Scully endures a personal tragedy twice. His first wife, Joan, died at the age of 35 in 1972. His son Michael died at the age of 33 in a helicopter crash in 1994. Scully rarely spoke about his personal life and praised others for doing the same; He conspicuously avoided the idea of ​​writing a memoir about his career.

In his 80s, Scully did each of the more than 100 games a year on uninterrupted television. (Marathons were nothing new for Scully, who on June 3, 1989 called for a 10-stroke match in Chicago for NBC and then a 22-stroke Dodger game in Houston that night.)

He eventually reduced his workload by confining himself during the regular season to the Western Colorado games. However, he couldn’t push himself to leave the profession he had always valued until 2016 when he was 88 years old.

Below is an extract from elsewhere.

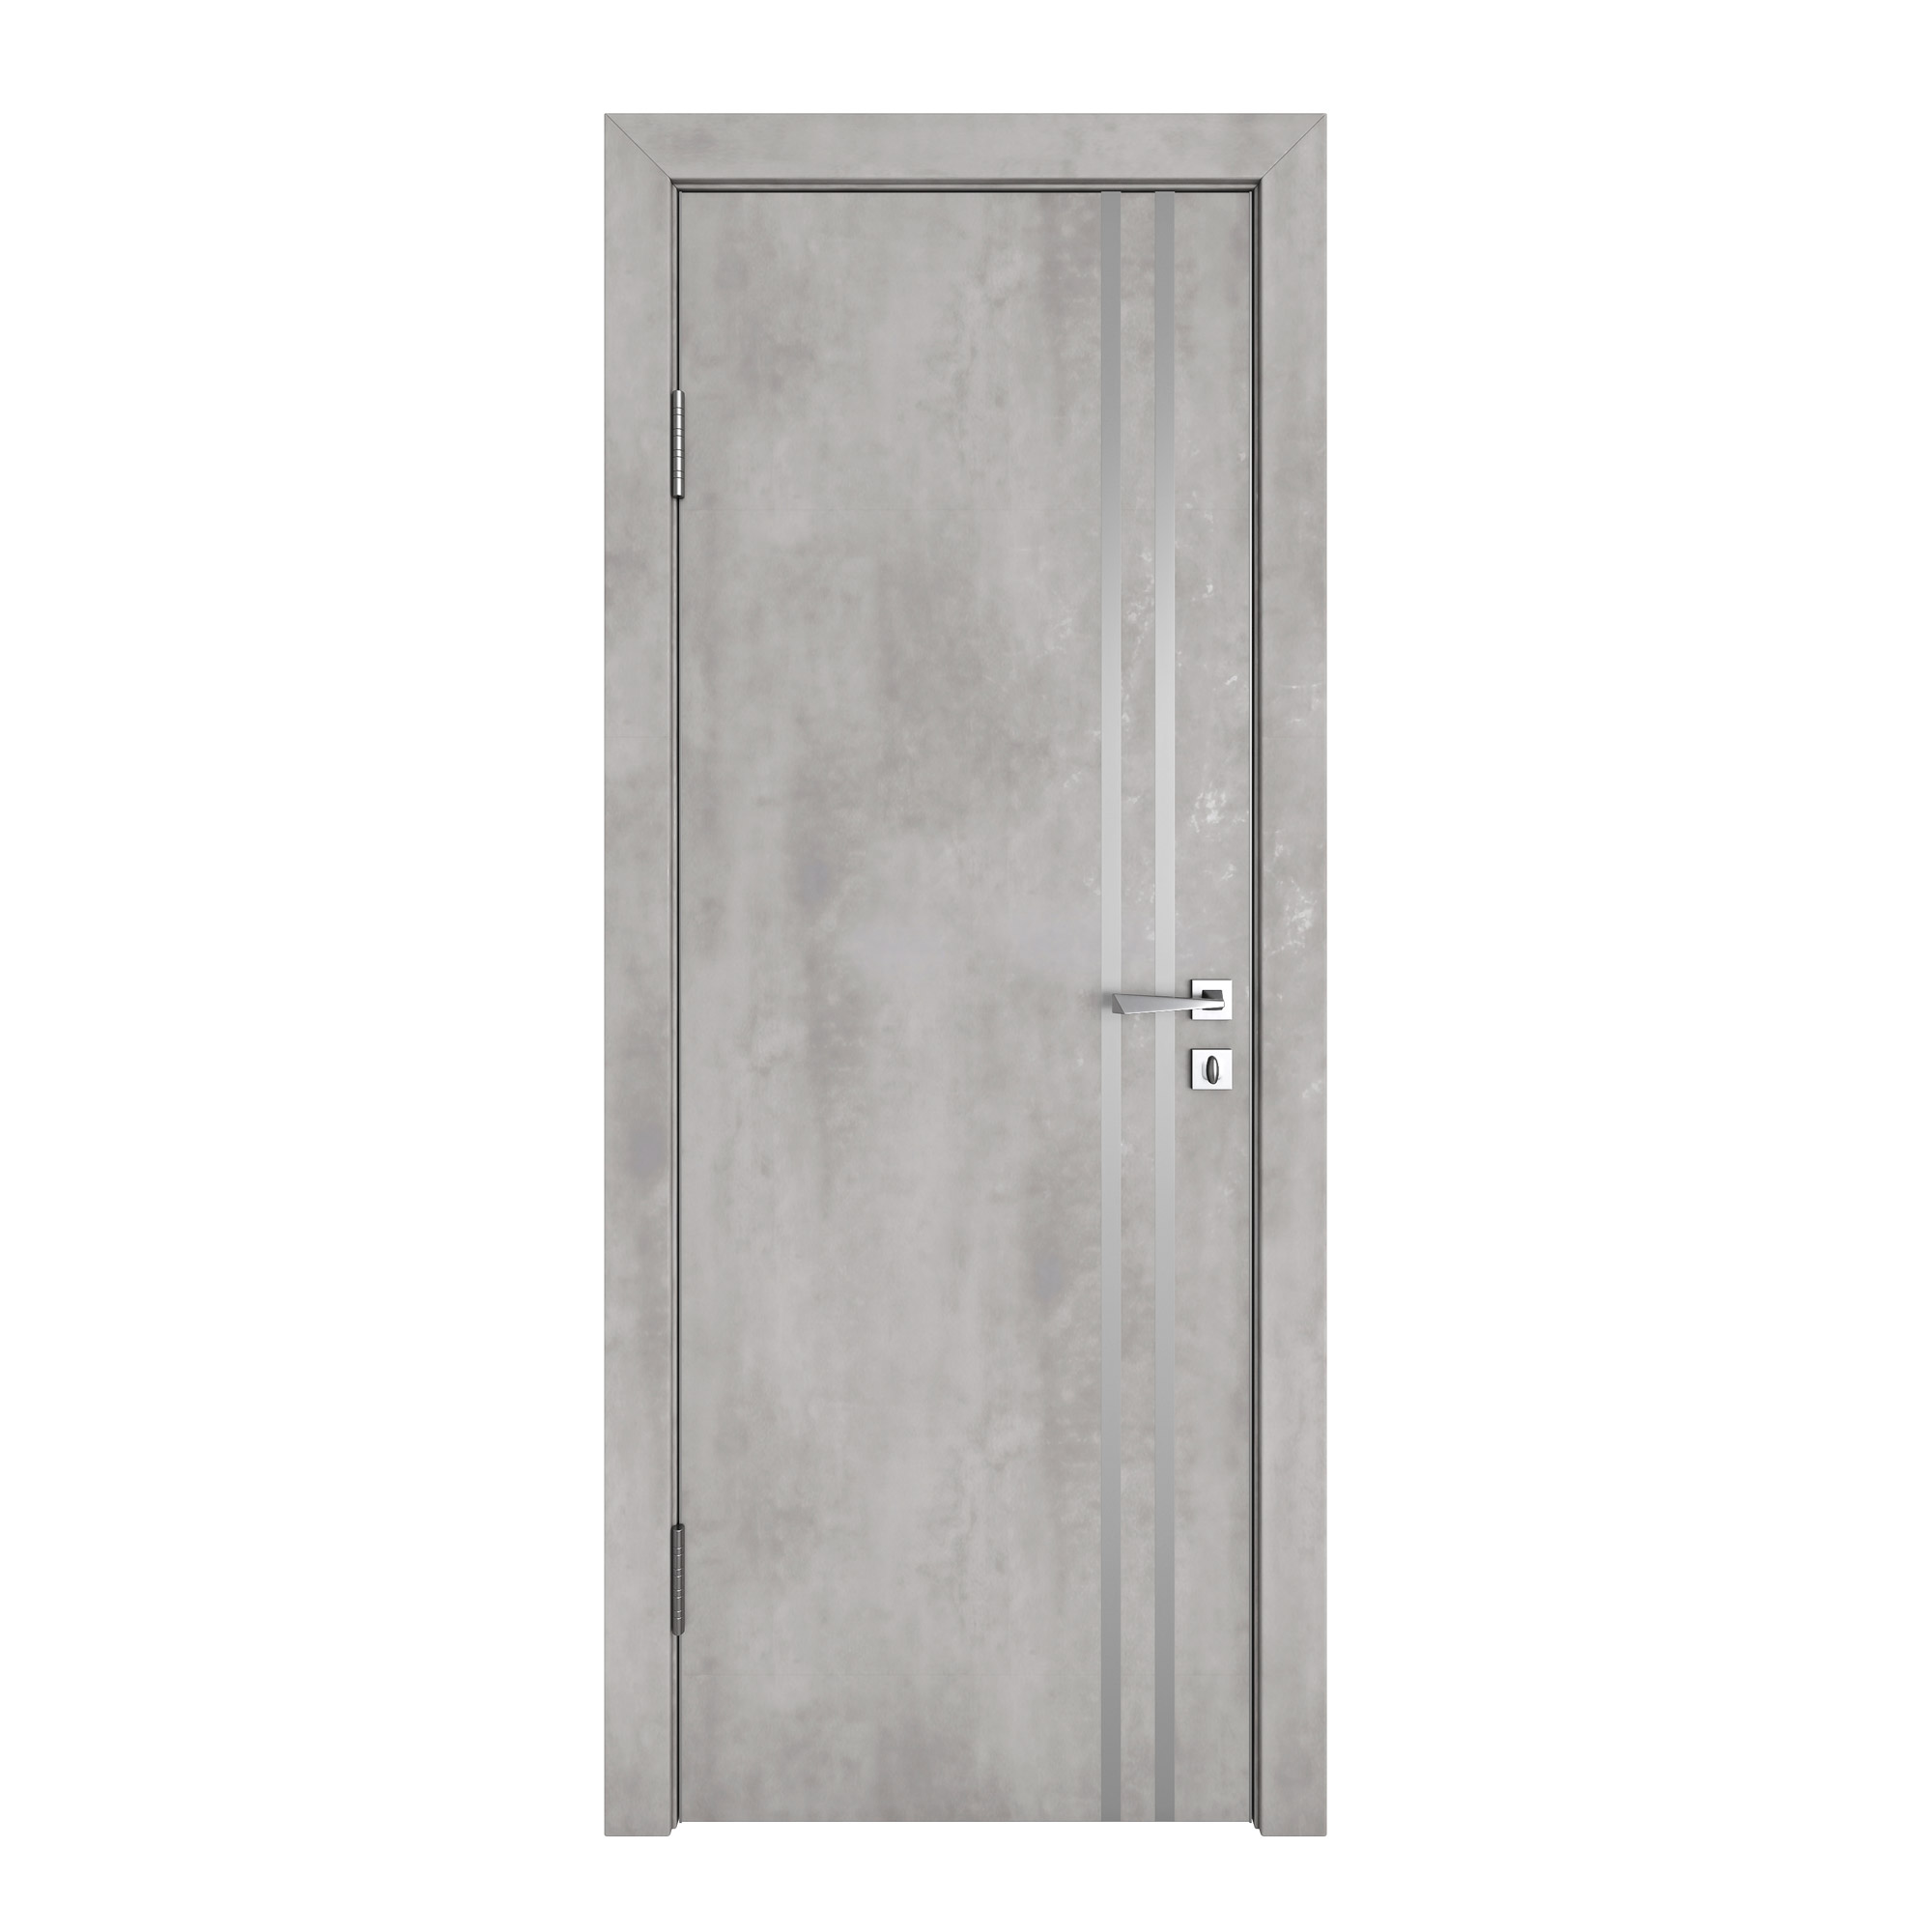 фото Межкомнатная дверь дг-506 бетон светлый 200х60 дверная линия

After announcing his last match, he gave a farewell message in which he said “You and I have been friends for a long time, but I know in my heart that I’ve always needed you more than you’ve needed me, and I’ll miss our time together more than I can say. But did you know?” There will be a new day and eventually a new year. And when the next winter gives way to spring, rest assured, it will once again be “Dodger time for baseball.” So, this Finn Scully wishes you a very good evening, wherever you are.”

“I never thought I’d be cool,” Scully said. diverse in 2008. “All I wanted to do was play the game as best I could. And to this day, that’s all I can think of. I mean, I come here, (and) my whole idea is ready, I do the game, and if I do it well with what Enough, well, and if I make a mistake, I’ll consume myself all the way home.

“I’ve always felt (that) I haven’t really accomplished anything. What I’ve done is spend my life talking about other people’s accomplishments… It’s a privilege — it’s really, I suppose it’s a privilege. I really don’t take myself too seriously.”

Scully lives with four children and two stepchildren as well as grandchildren and great-grandchildren. His second wife, Sandra, passed away in 2021.